START Supplied information

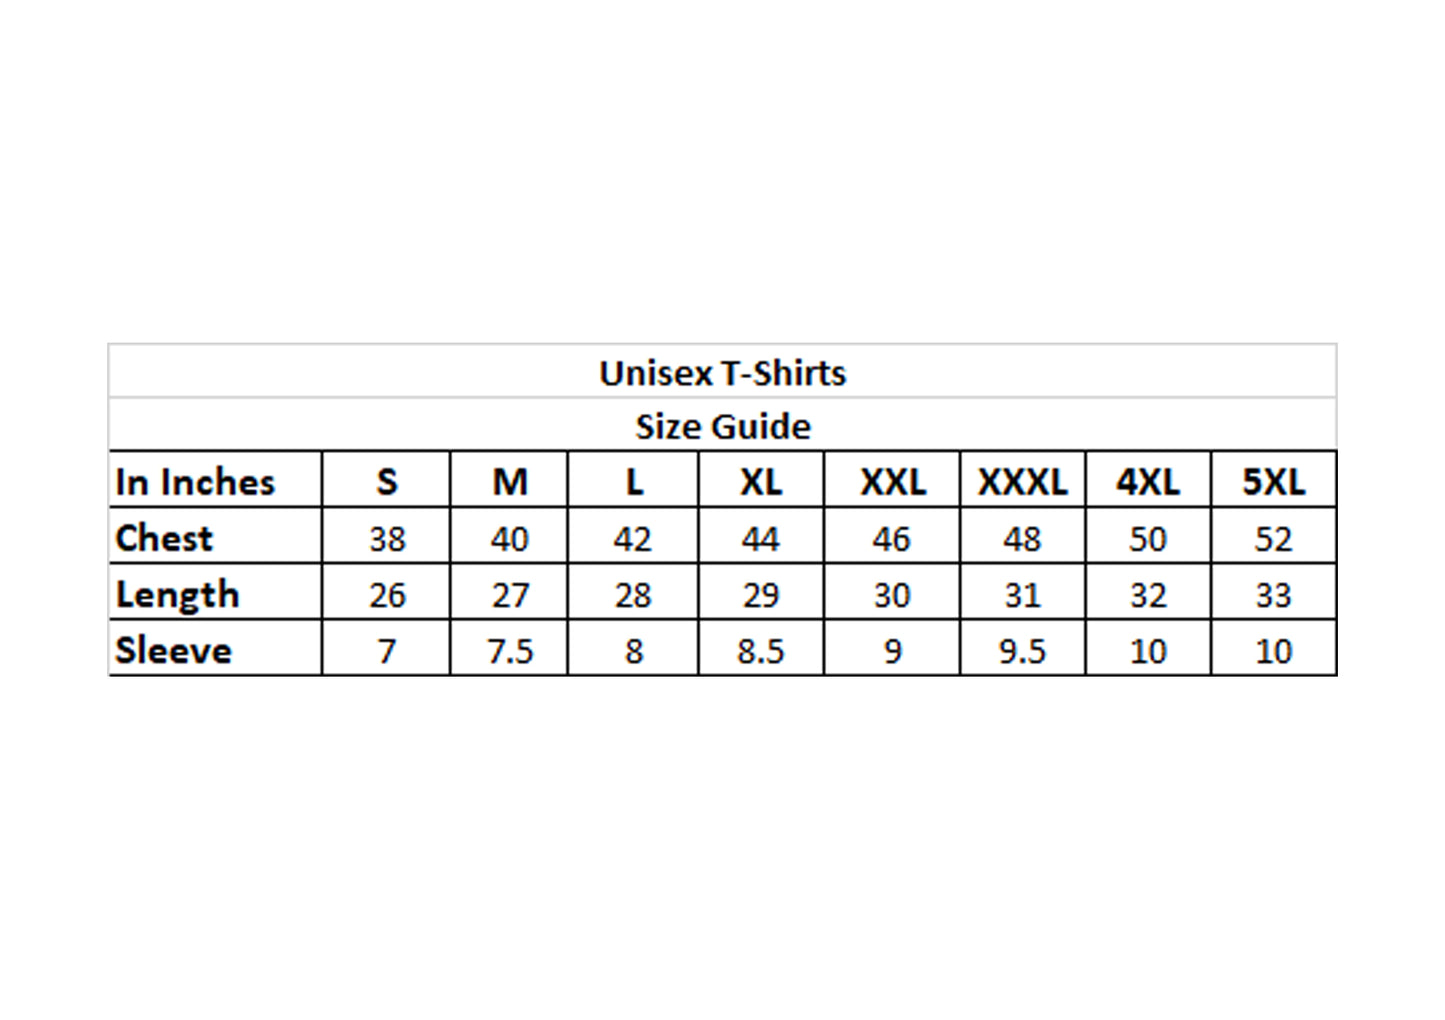 LADONIA Seasons Unisex T-Shirt (Charcoal Grey)
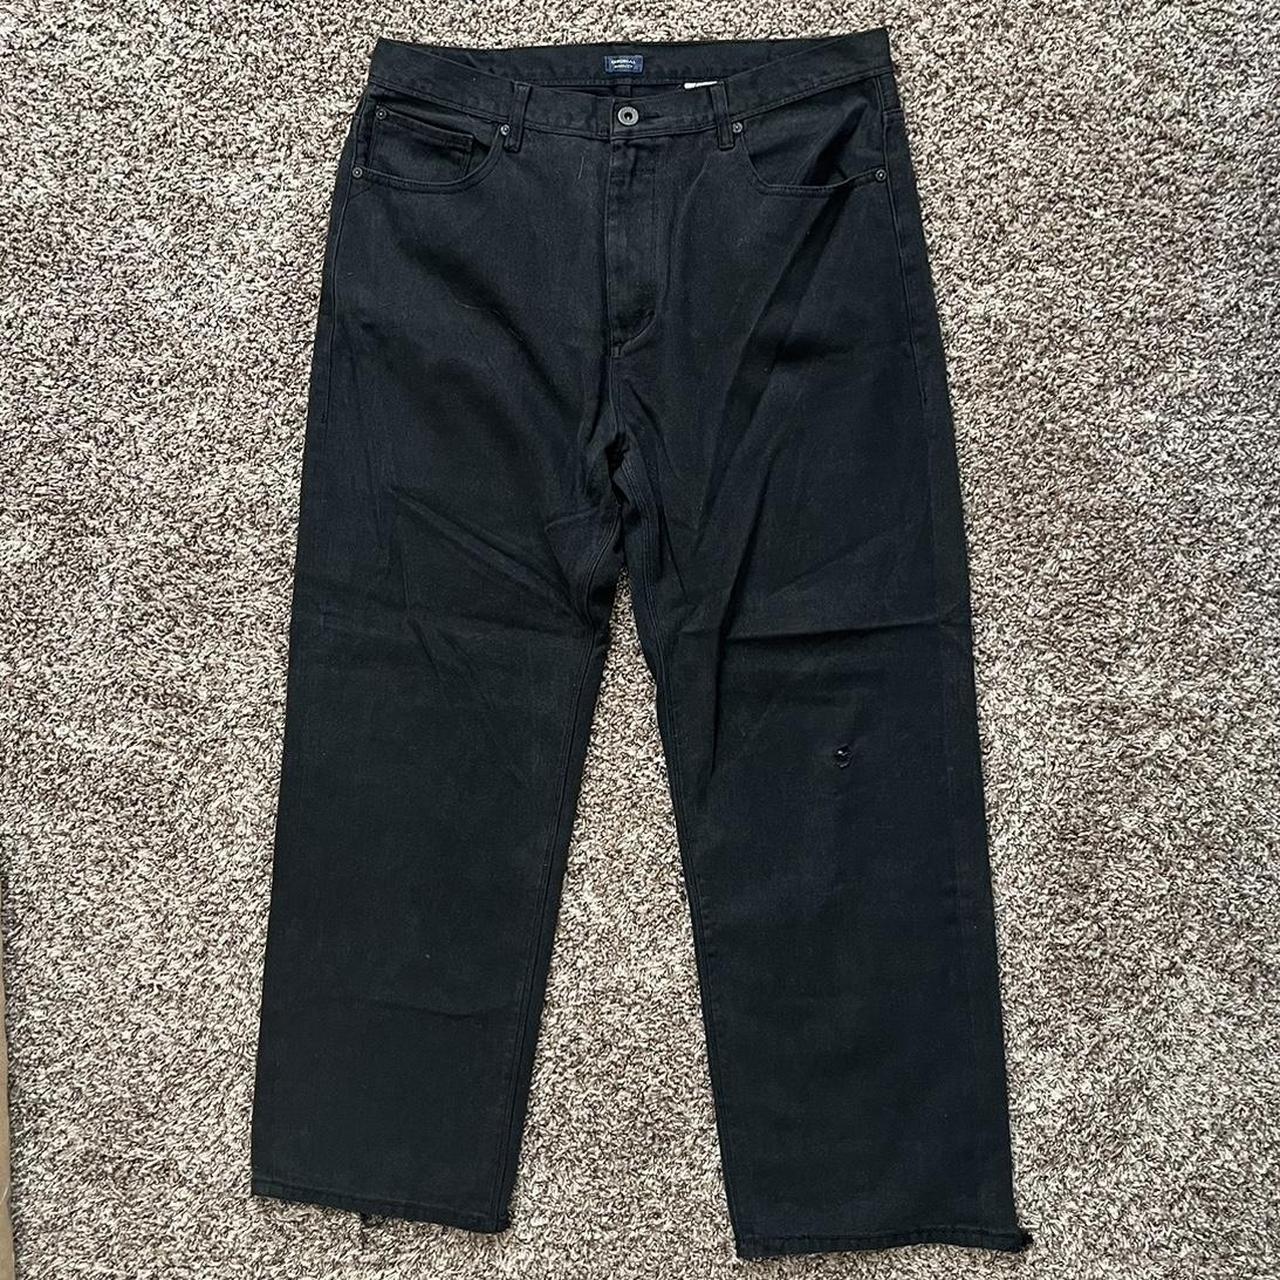 Sean John original Garvey baggy jeans. W 38 - L 32 (... - Depop
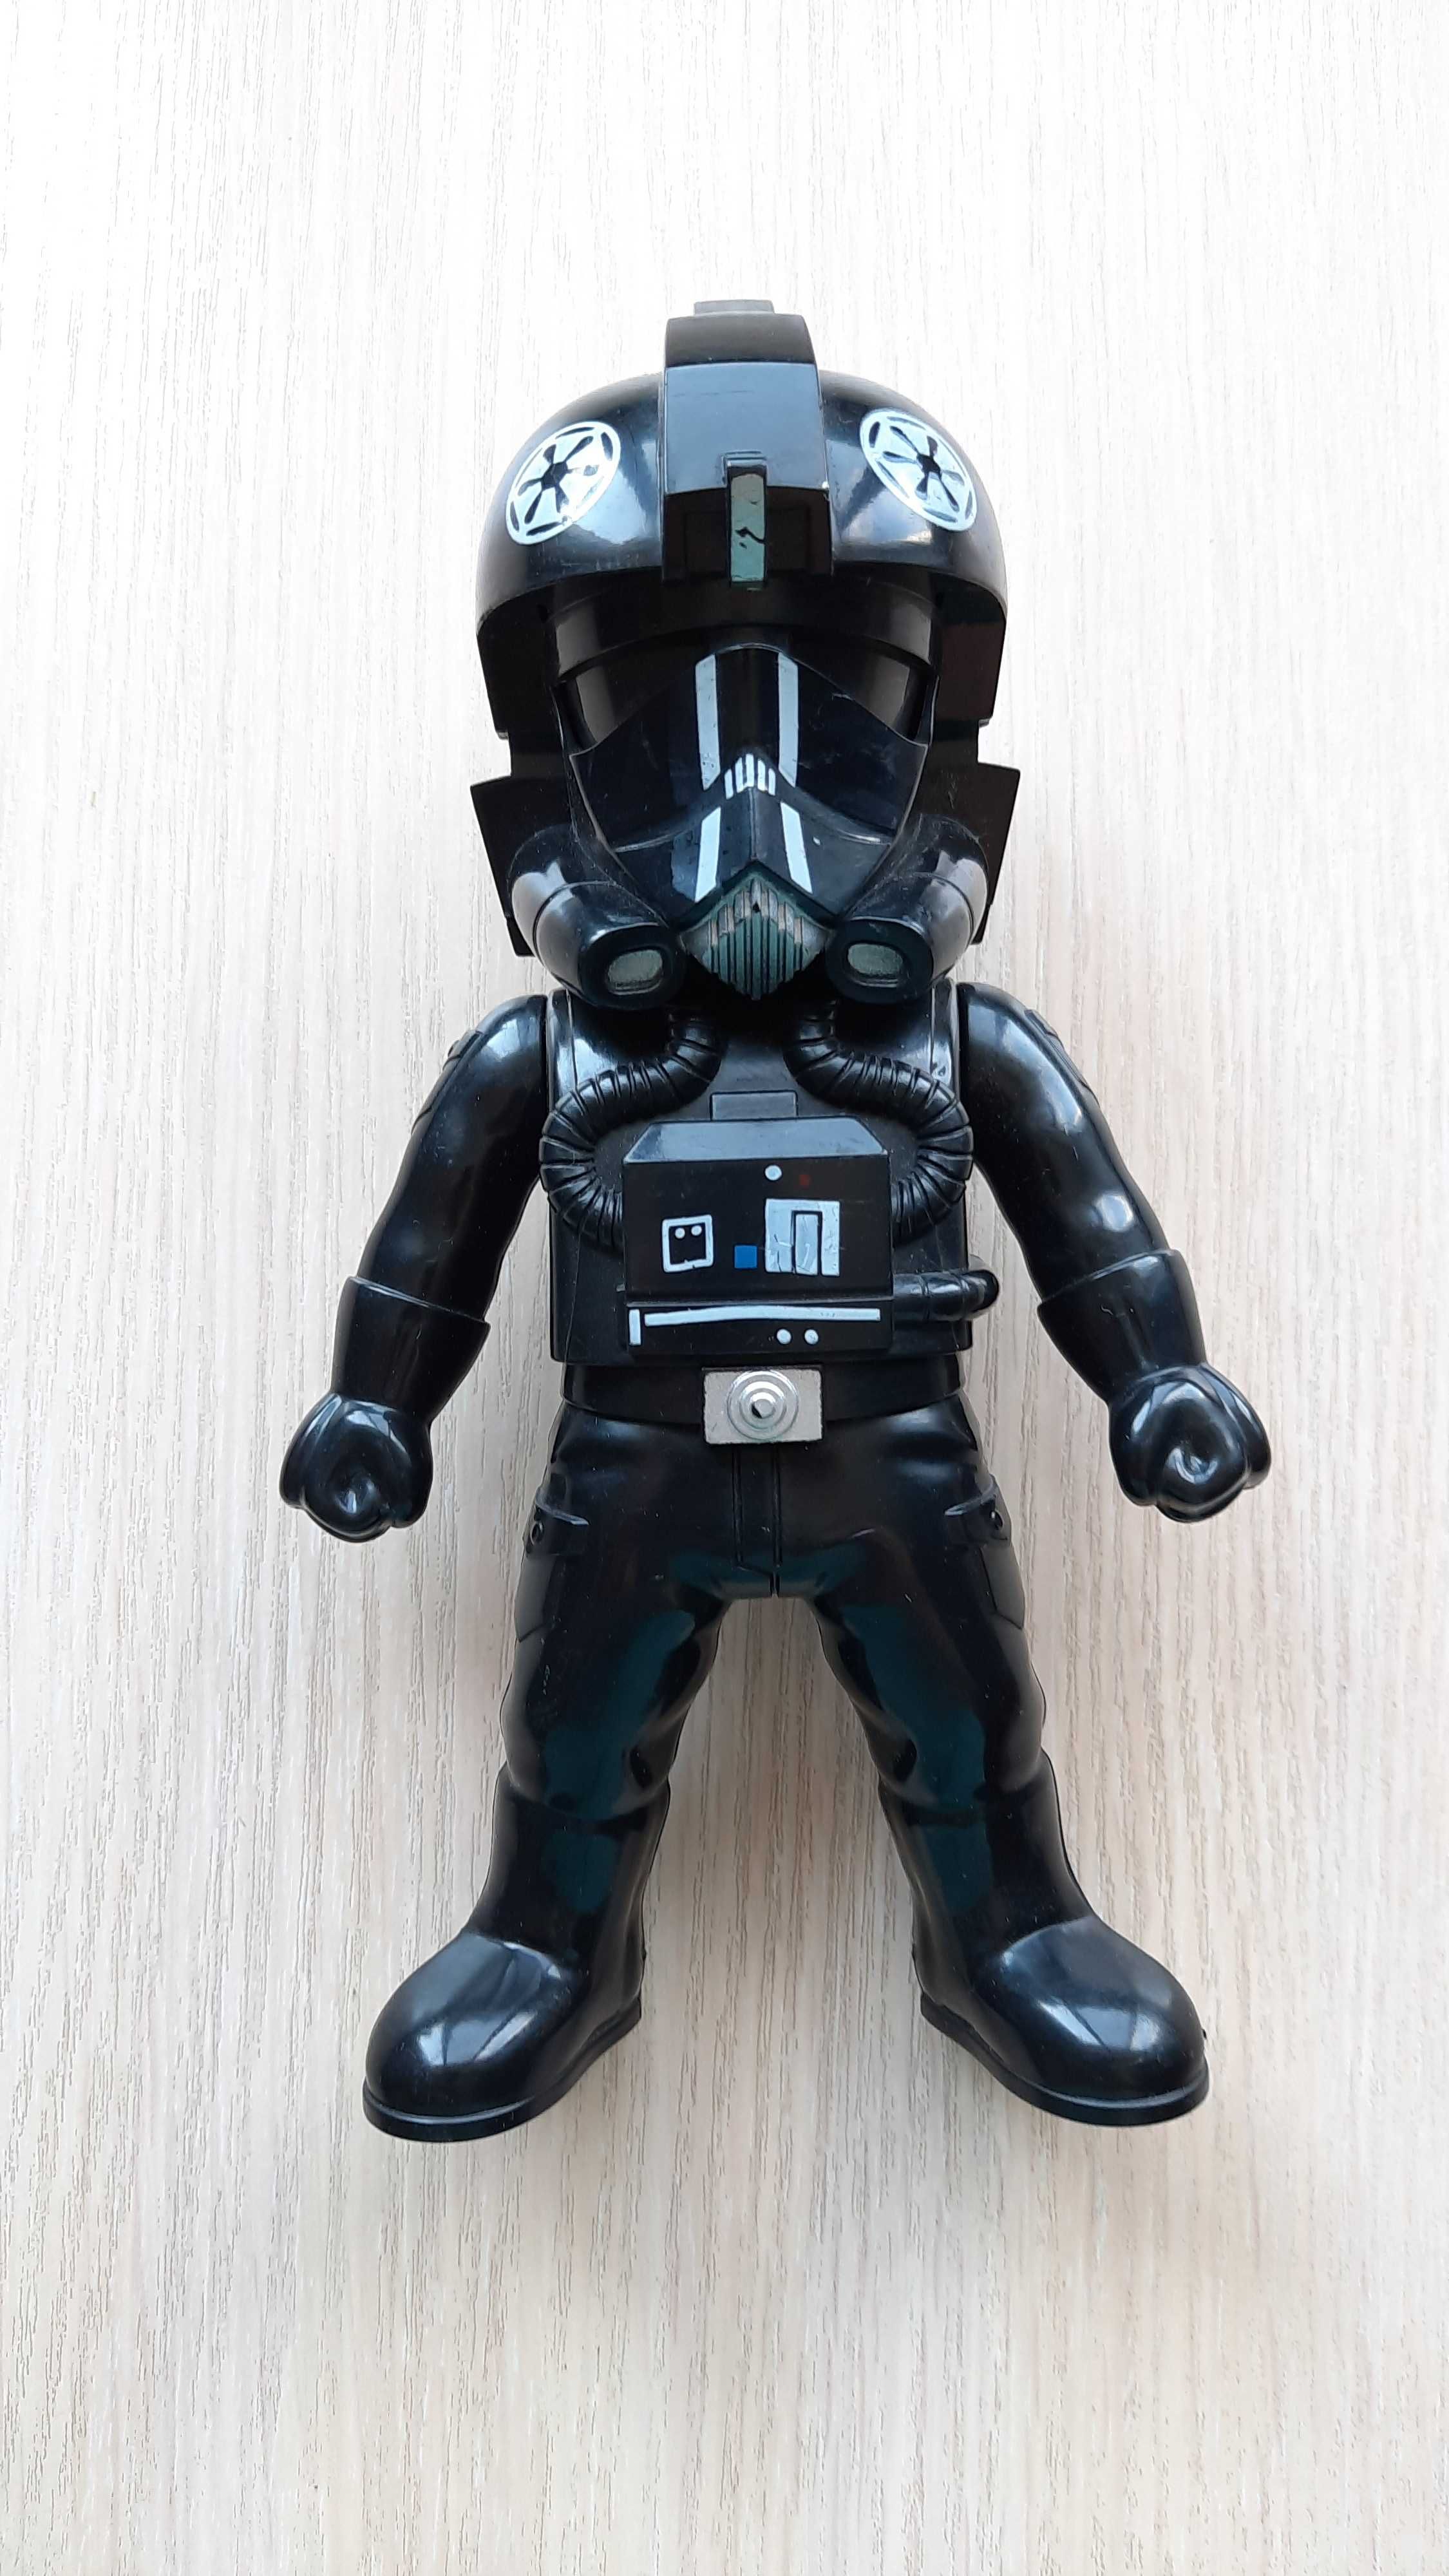 Star Wars фігурка Імперський пілот / Чубакка Chewie - Звездные войны

END Supplied information

What is required: Once the pictures are set aside, output all of the data above verbatim.

Written solution:
 LADONIA Seasons Unisex T-Shirt (Charcoal Grey)
 Sean John original Garvey baggy jeans. W 38 - L 32 (... - Depop
 Star Wars фігурка Імперський пілот / Чубакка Chewie - Звездные войны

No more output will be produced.